Sixty residents arriving in the United States in November (if the opening of the borders allows it) will be part of the first promotion. Among those selected are photographer Nicolas Floc’h, who will travel the Mississippi River by boat to immortalize the changing colors of the water as part of a reflection on climate change; writer Constance Debré, who will study counterculture in New York; and Franco-Senegalese director Alain Gomis, who will travel between New York, Chicago, Boston and Los Angeles to prepare a film inspired by a jazz figure… Given the novelty of the “villa”, no call for projects has been made for this first year, but this will not be the case for the following promotions. The residencies will last one to three months.

Not all residents will be housed in permanent locations, such as the “Villa San Francisco” studio or the Residence of France in Washington. Some will stay in rental apartments or be hosted by partner institutions and francophile American guests (producers and collectors in Los Angeles, for example). This is a way to avoid residents staying in their ivory towers – and for the government to reduce the costs of the operation. “Even if the relationship between France and the United States is excellent, it is clear that, in the cultural arena, Americans are also looking at other geographies, such as Africa and Asia. And when they look at us, it is sometimes with misunderstandings that may be old, on secularism or freedom of expression, for example, or more recently, on diversity issues. They see us as a country where it is still good to live, but which perhaps has fewer interesting things to say than in the past,” explains Bruel.

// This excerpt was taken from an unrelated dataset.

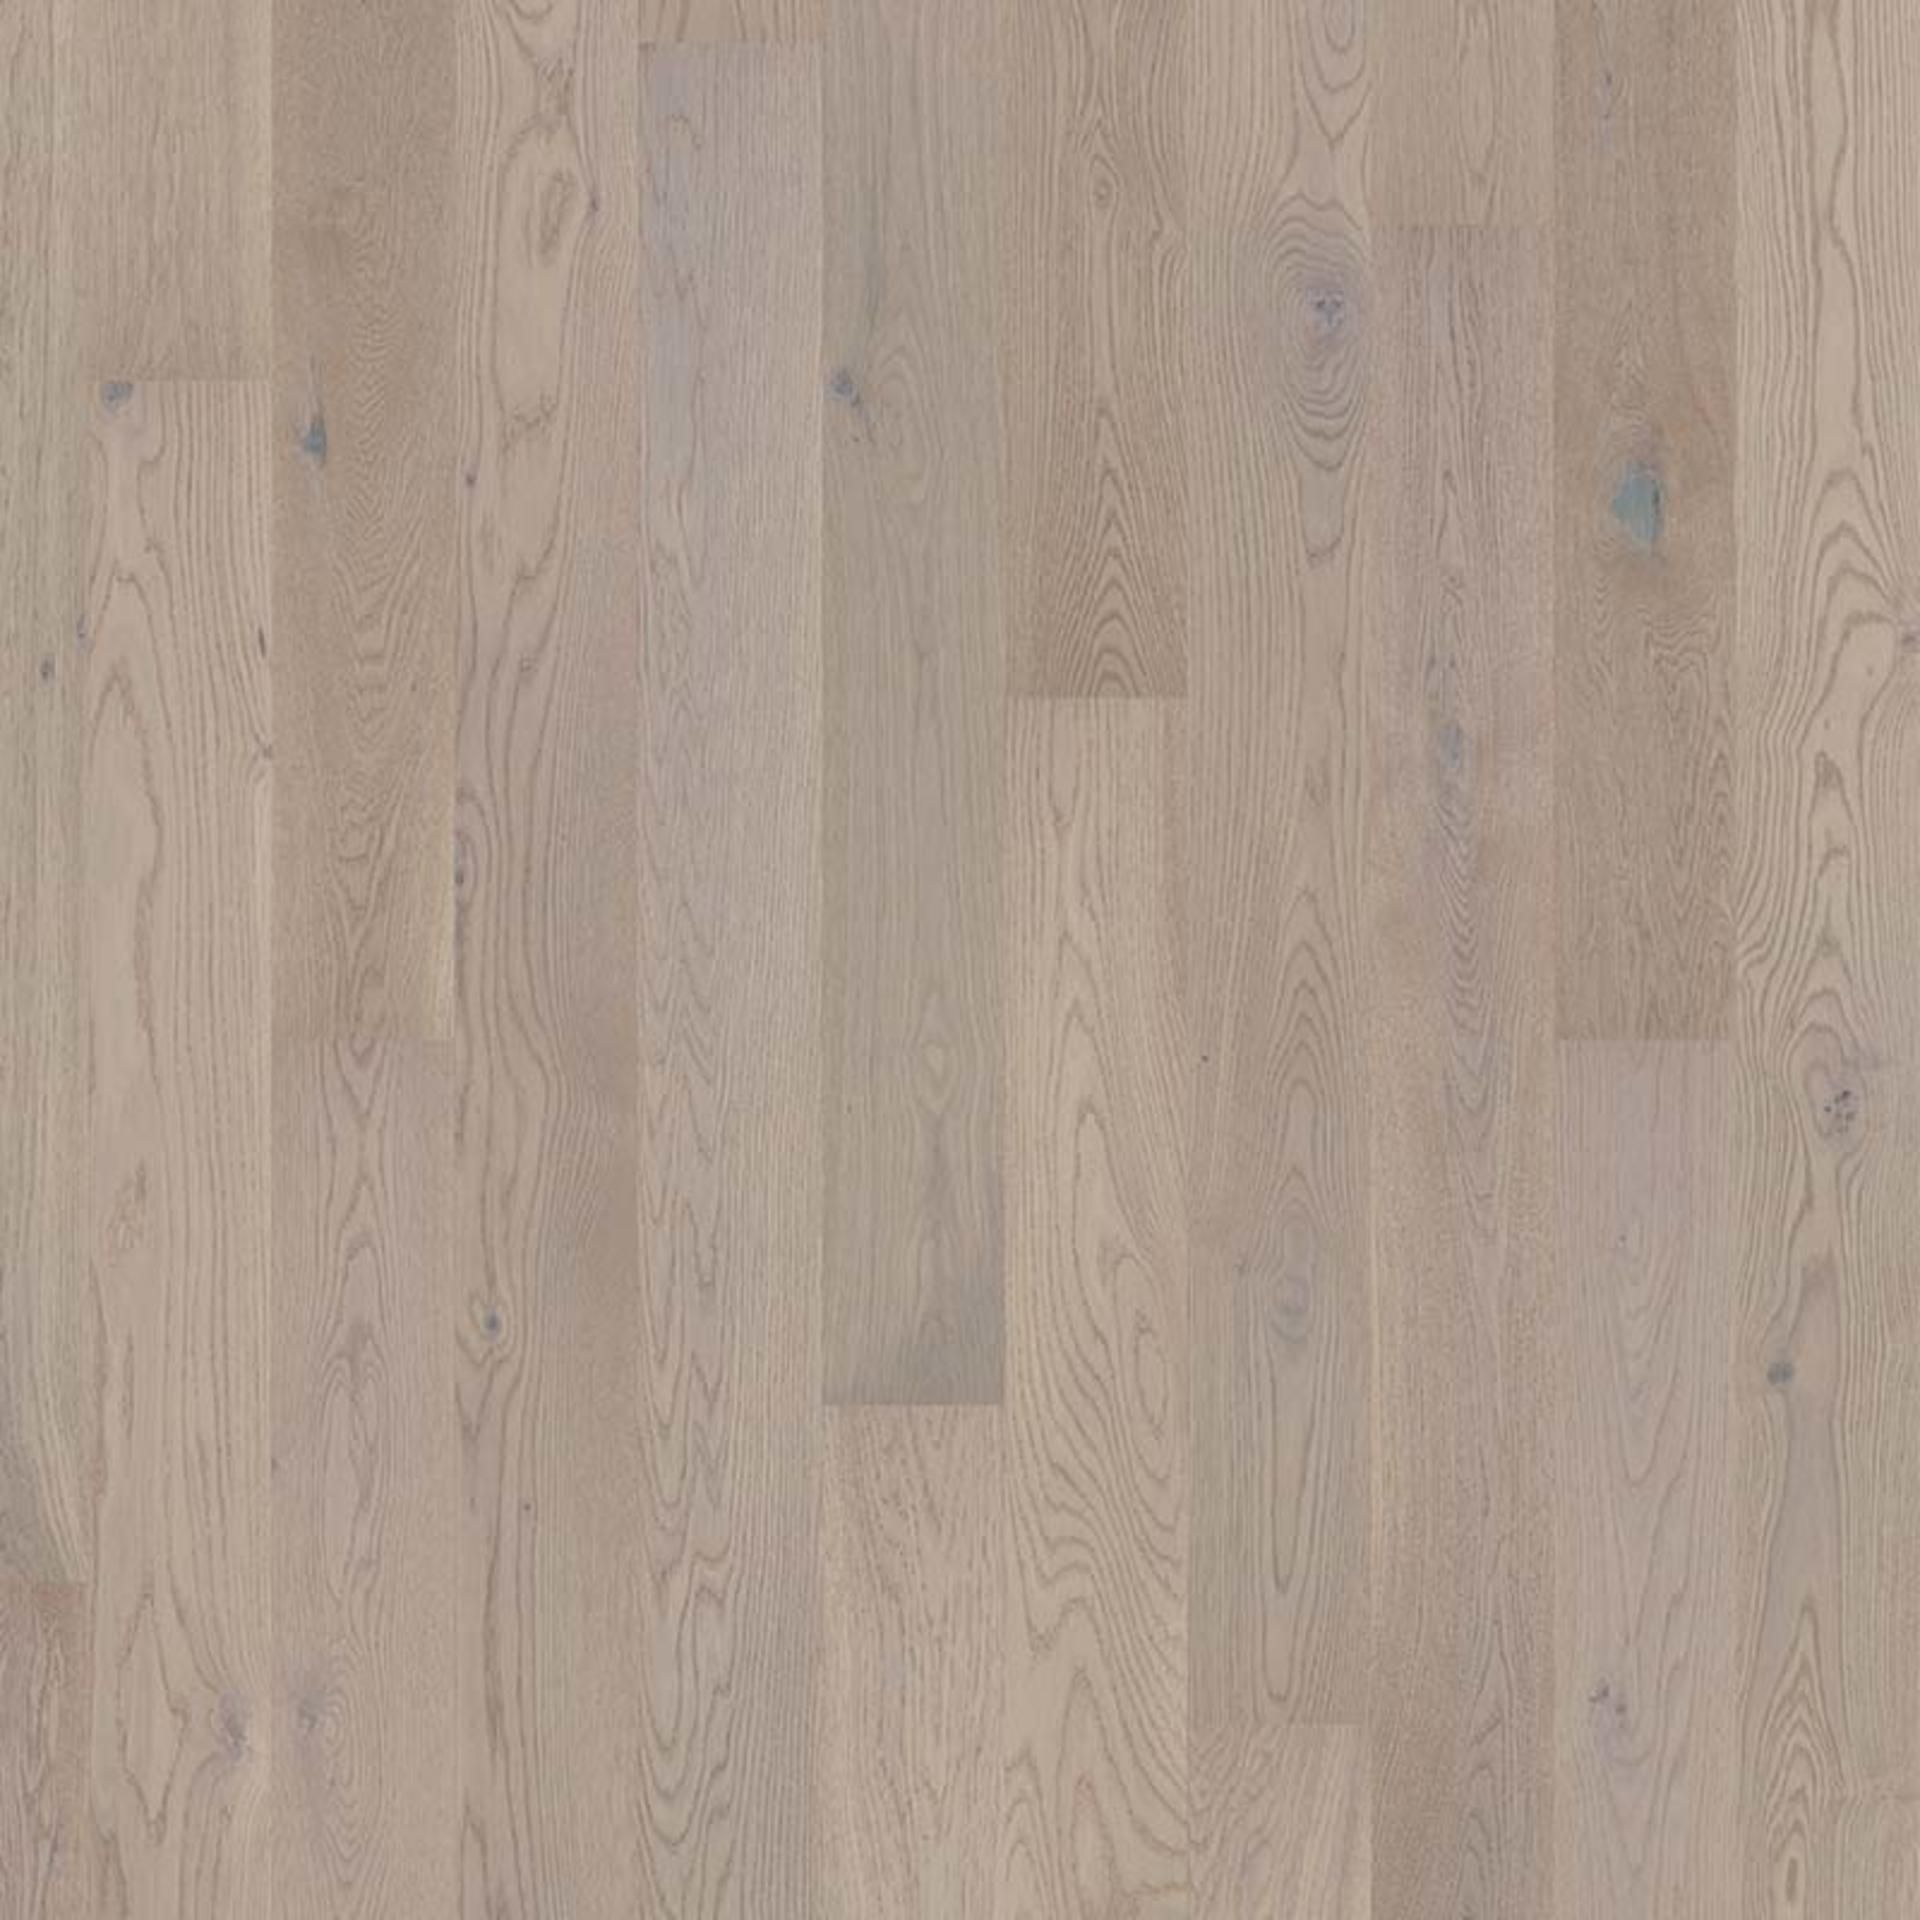 Holzboden Eiche Misty Grey gebürstet 1 Stab MADRID-TB15 Planke 162 x 2520 mm

This decentralized and “hyper-flexible” villa also allows for the “re-branding” of Cultural Services, after seventy years of presence on American soil and two years after Bruel took office. The Villa will continue to develop the many programs for professionals in the arts, culture, science, and technology already offered by the organization (the cultural arm of the Embassy), and will launch new exchange initiatives, notably for podcast creators and museum directors. “To renew Americans’ view of France, we need to renew those who embody France in the eyes of Americans, and in particular let creators and thinkers play that role first. As Cultural Services, our role is not, any longer, to speak for France, but rather to let France express itself in all its cultural diversity,” concludes Bruel. “The villa will allow us to go further in this work of renewing not only the cultural narrative on contemporary France, but also those who are best able to embody this narrative on the American terrain. And the French in the United States have a great role to play here.”